The American Heart Association's cholesterol management guidance mirrors this recommendation, noting that PCSK9 inhibitors offer the largest LDL-C reductions available for patients who cannot achieve target levels on statins alone.
How to Get Repatha Cheaper: All Cost-Reduction Strategies
Several mechanisms can reduce out-of-pocket Repatha costs beyond HSA/FSA spending alone.
Amgen Patient Assistance Program (Repatha SupportPlus)
Amgen's SupportPlus program covers commercially insured and uninsured patients. Eligibility is income-based for the uninsured pathway. The program can be accessed through the prescribing physician's office or directly at Amgen's patient support line. Enrollment typically requires proof of insurance status, household income documentation, and a prescription from a licensed prescriber.
The FDA approval of evolocumab is under BLA 125522. The FDA label outlines approved doses: 140 mg every 2 weeks subcutaneously, or 420 mg once monthly via the Pushtronex on-body infusor system.
Step Therapy and Prior Authorization
Most commercial and Medicare Advantage plans require step therapy before approving evolocumab. A typical sequence is:
- Maximum tolerated statin for at least 90 days.
- Addition of ezetimibe for at least 90 days if LDL-C remains above goal.
- Documentation of LDL-C still above 70 mg/dL (or 55 mg/dL for very-high-risk patients per ESC/EAS guidelines).
Completing step therapy and documenting it in the chart speeds prior authorization approval and reduces the chance of a claim denial that would require out-of-pocket payment. The ACC/AHA guidelines provide the LDL-C threshold evidence that supports these criteria.
Specialty Pharmacy Mail-Order Discounts
Repatha requires refrigeration (2°C to 8°C). Some specialty pharmacies offer 90-day supply dispensing at a reduced per-unit cost compared to a monthly supply. Verify with your plan whether a 90-day supply is covered before requesting it. Using your HSA/FSA for a 90-day supply at once can also simplify year-end FSA spend-down.
Biosimilar Field in 2026
As of early 2026, the first evolocumab biosimilar has entered the regulatory pipeline in the United States. The FDA's biosimilar approval pathway under 351(k) means that once an interchangeable biosimilar is approved, pharmacists may substitute it without prescriber intervention in most states. An interchangeable biosimilar would be fully HSA/FSA eligible by the same IRS logic, because it is still a prescription drug treating the same indication. FDA biosimilar approval records are updated as new products receive approval.

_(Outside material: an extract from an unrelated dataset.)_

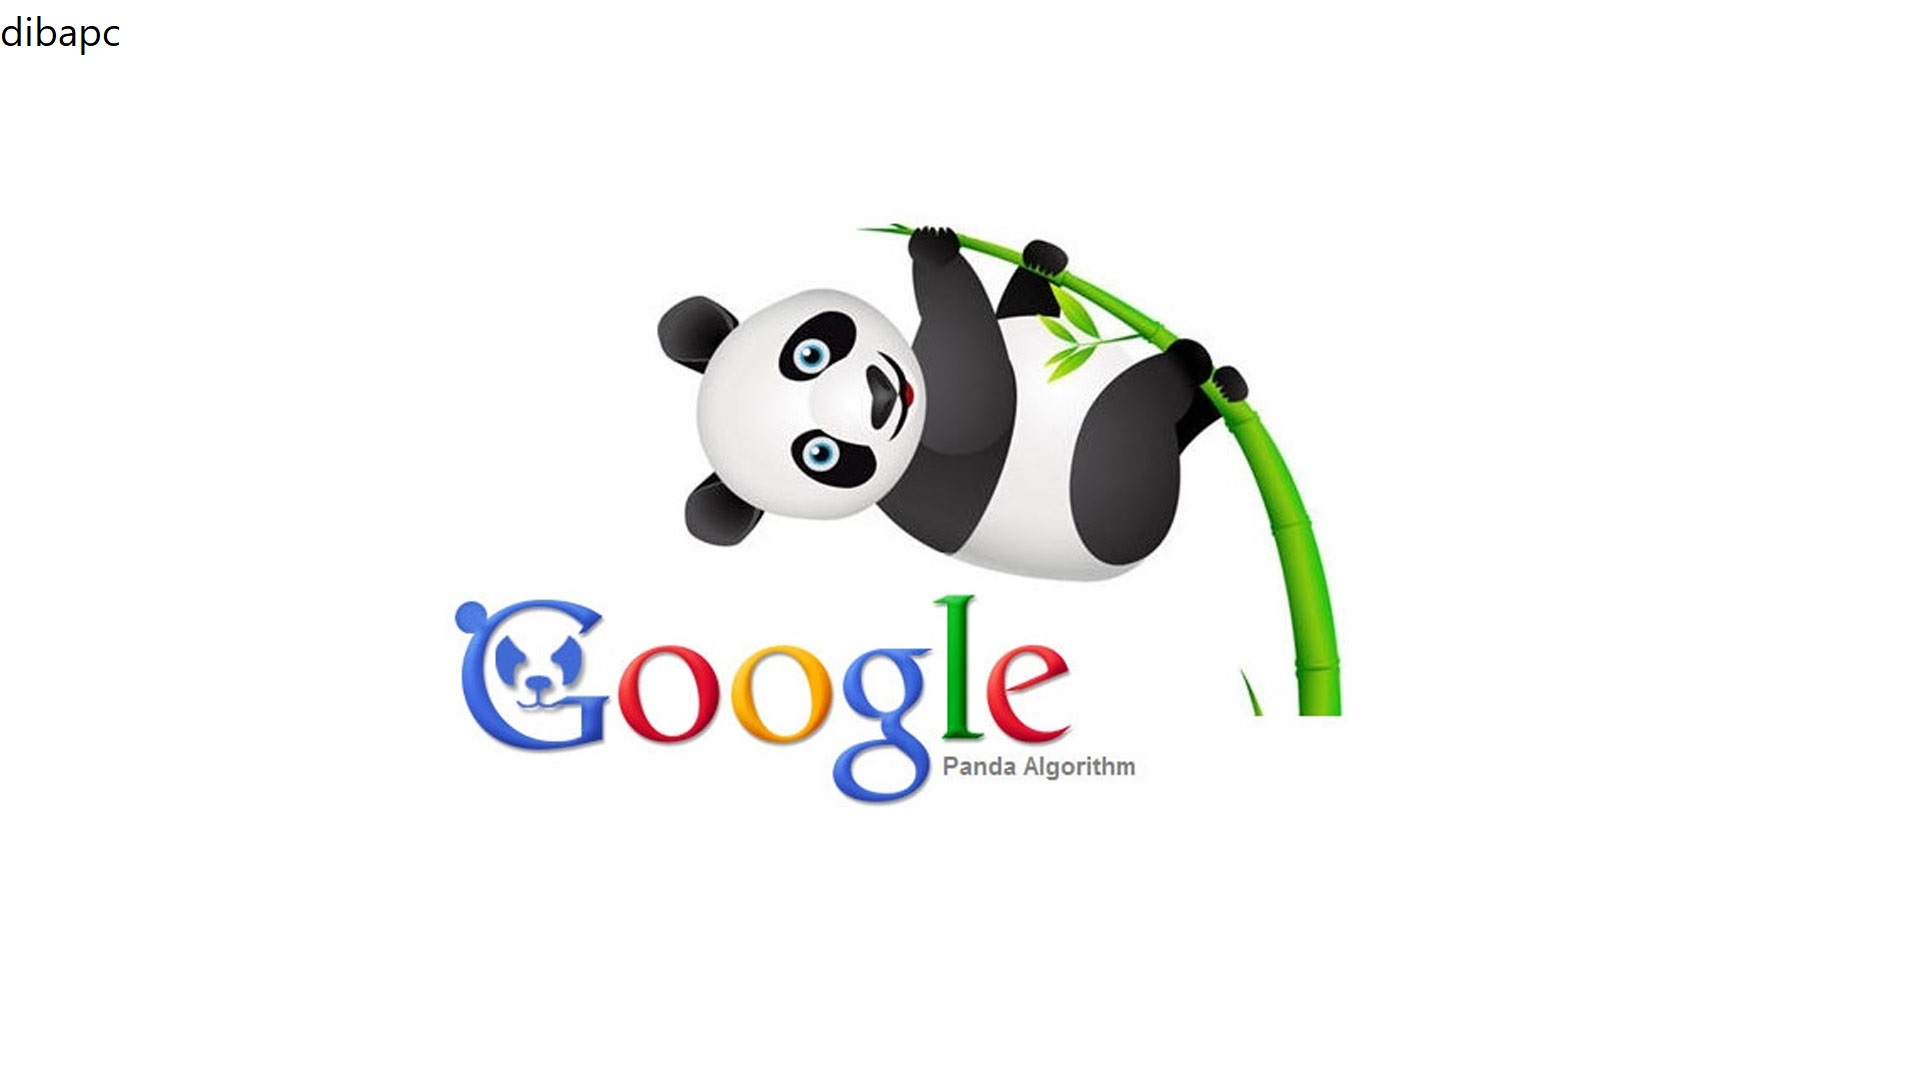 مهم ترین علت ایجاد الگوریتم الگوریتم پاندا گوگل (Panda Algorithm)چیست؟
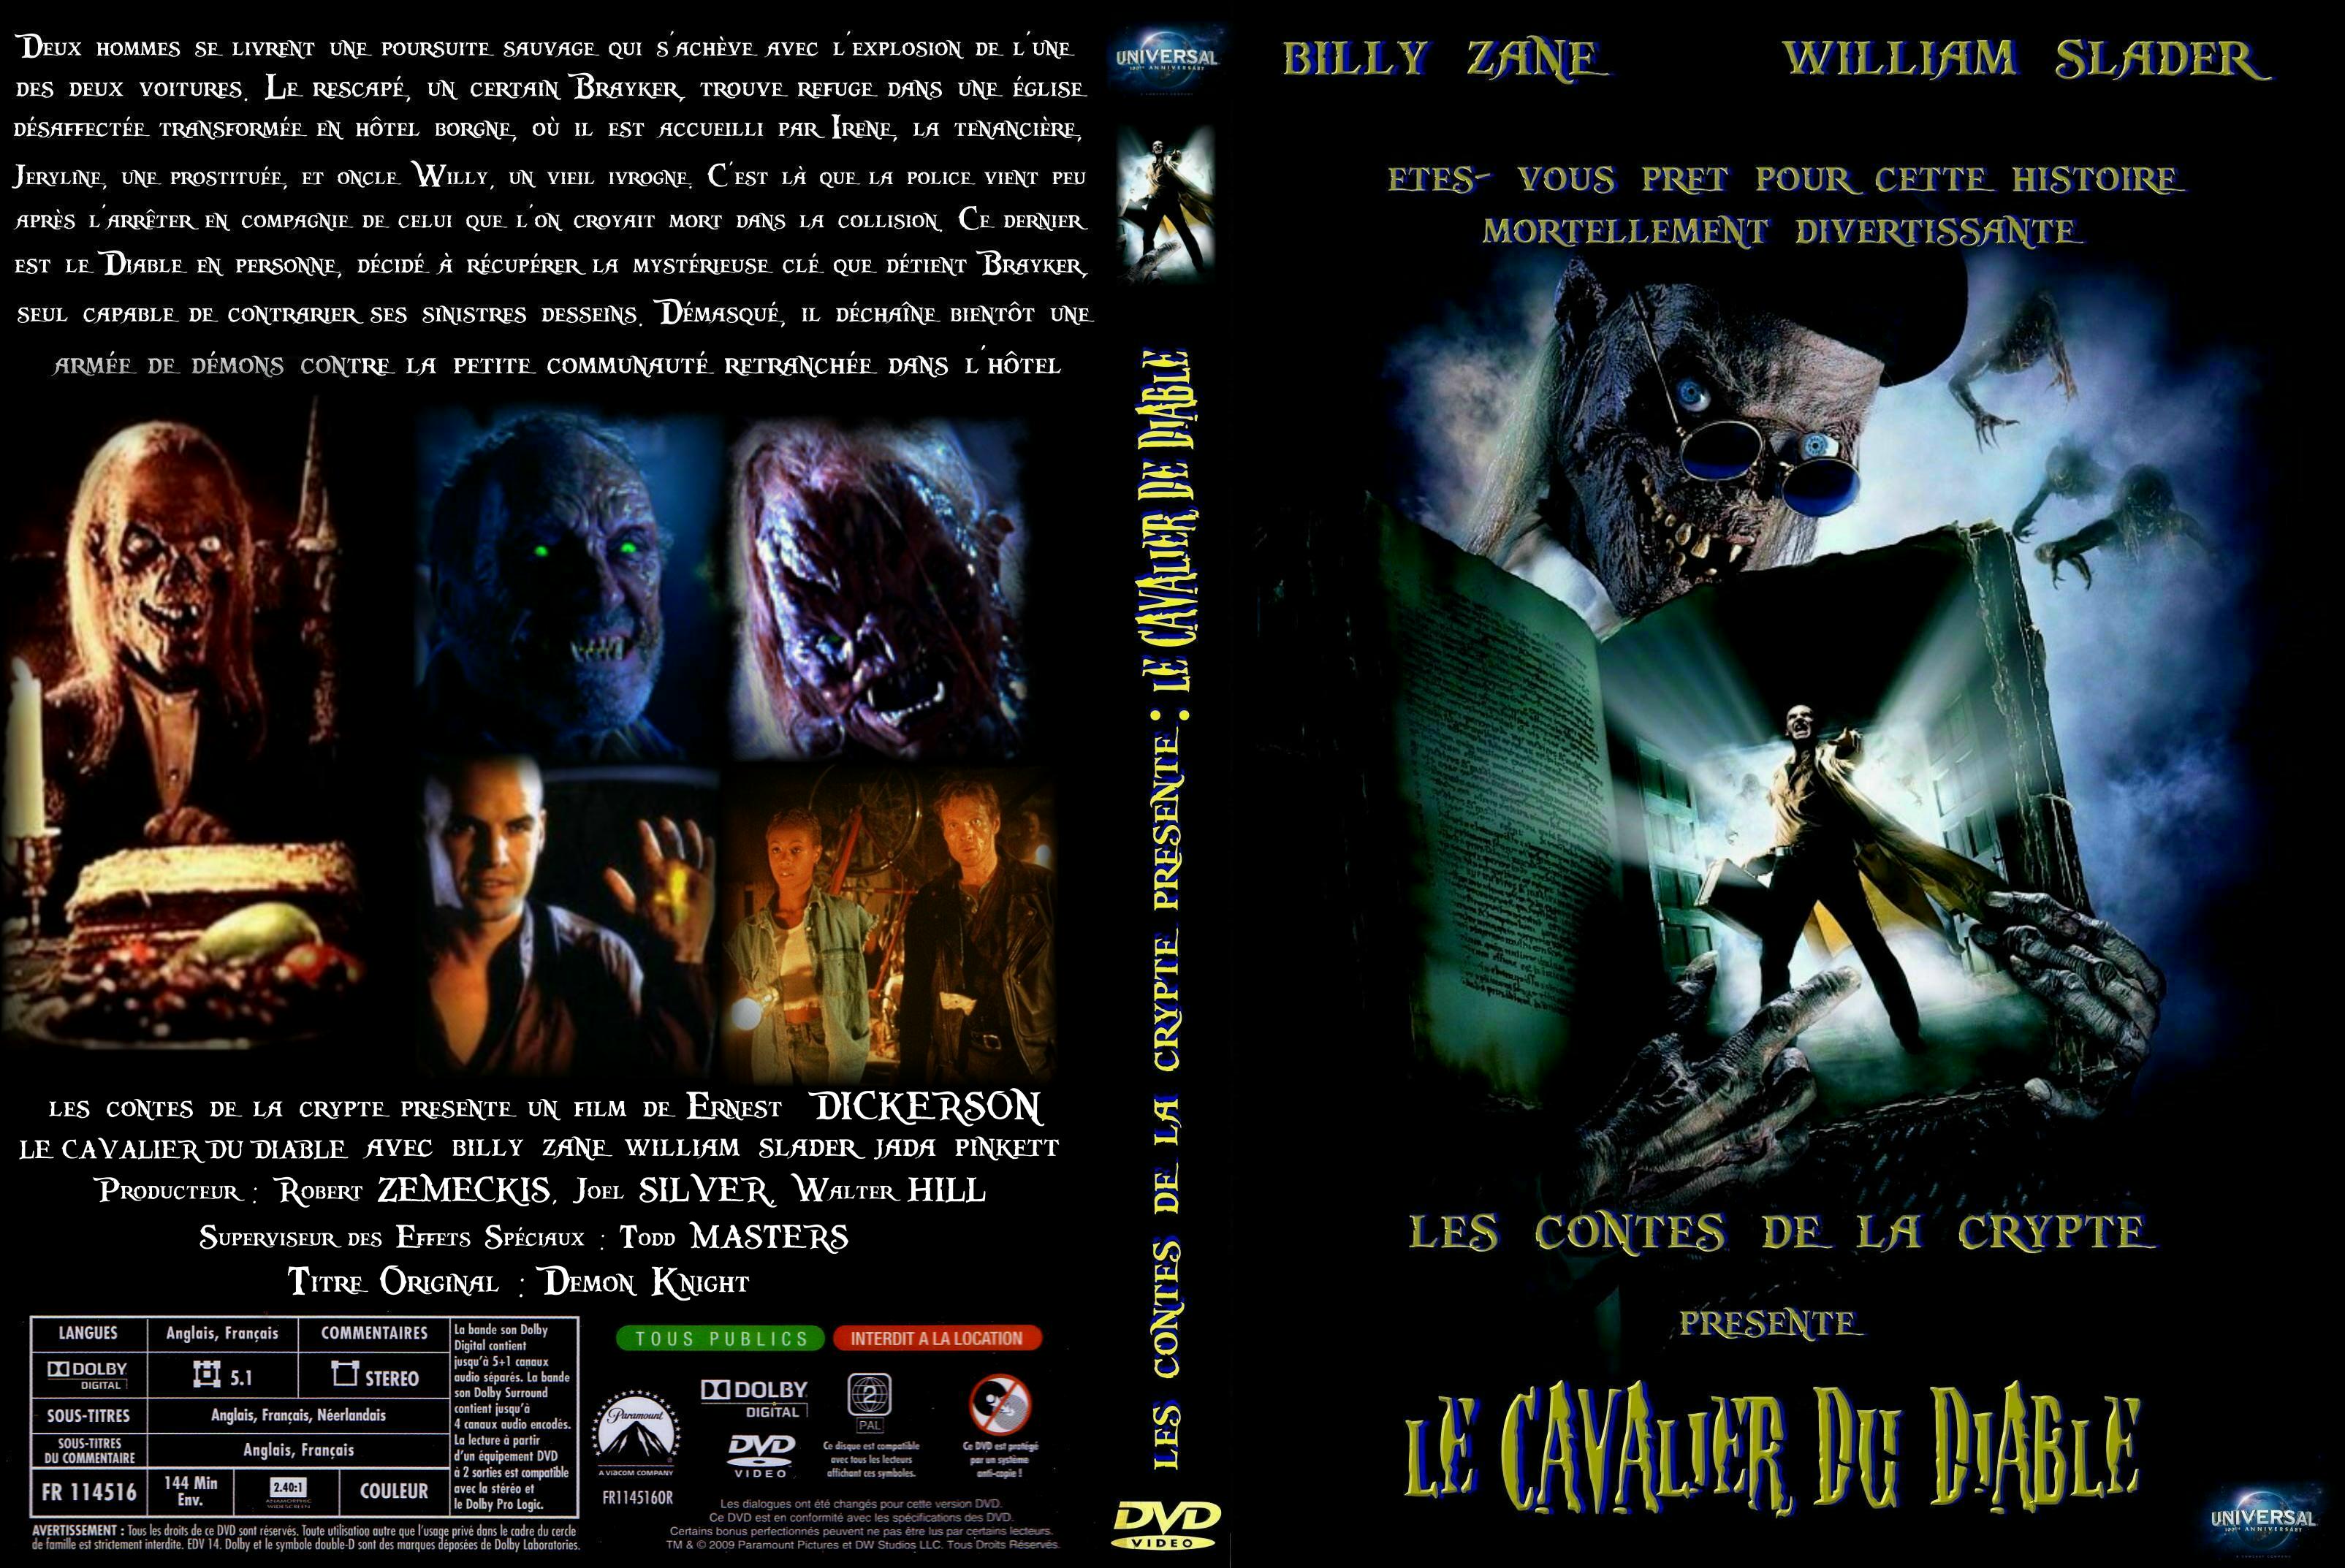 Jaquette DVD Le cavalier du diable custom

Special Populations and HSA/FSA Nuances
Patients with Familial Hypercholesterolemia
Heterozygous familial hypercholesterolemia (HeFH) affects approximately 1 in 250 people in the United States, and homozygous FH (HoFH) affects approximately 1 in 300,000. A 2019 analysis in the Journal of Clinical Lipidology confirmed that PCSK9 inhibitors produce substantially greater absolute LDL-C reductions in FH patients than in non-FH patients because baseline LDL-C is higher. For HeFH patients, evolocumab 140 mg every 2 weeks reduced LDL-C by a mean of 60% in the RUTHERFORD-2 trial (N=329), as reported in The Lancet. These patients often face the highest absolute drug costs and benefit most from stacking HSA, FSA, and manufacturer assistance.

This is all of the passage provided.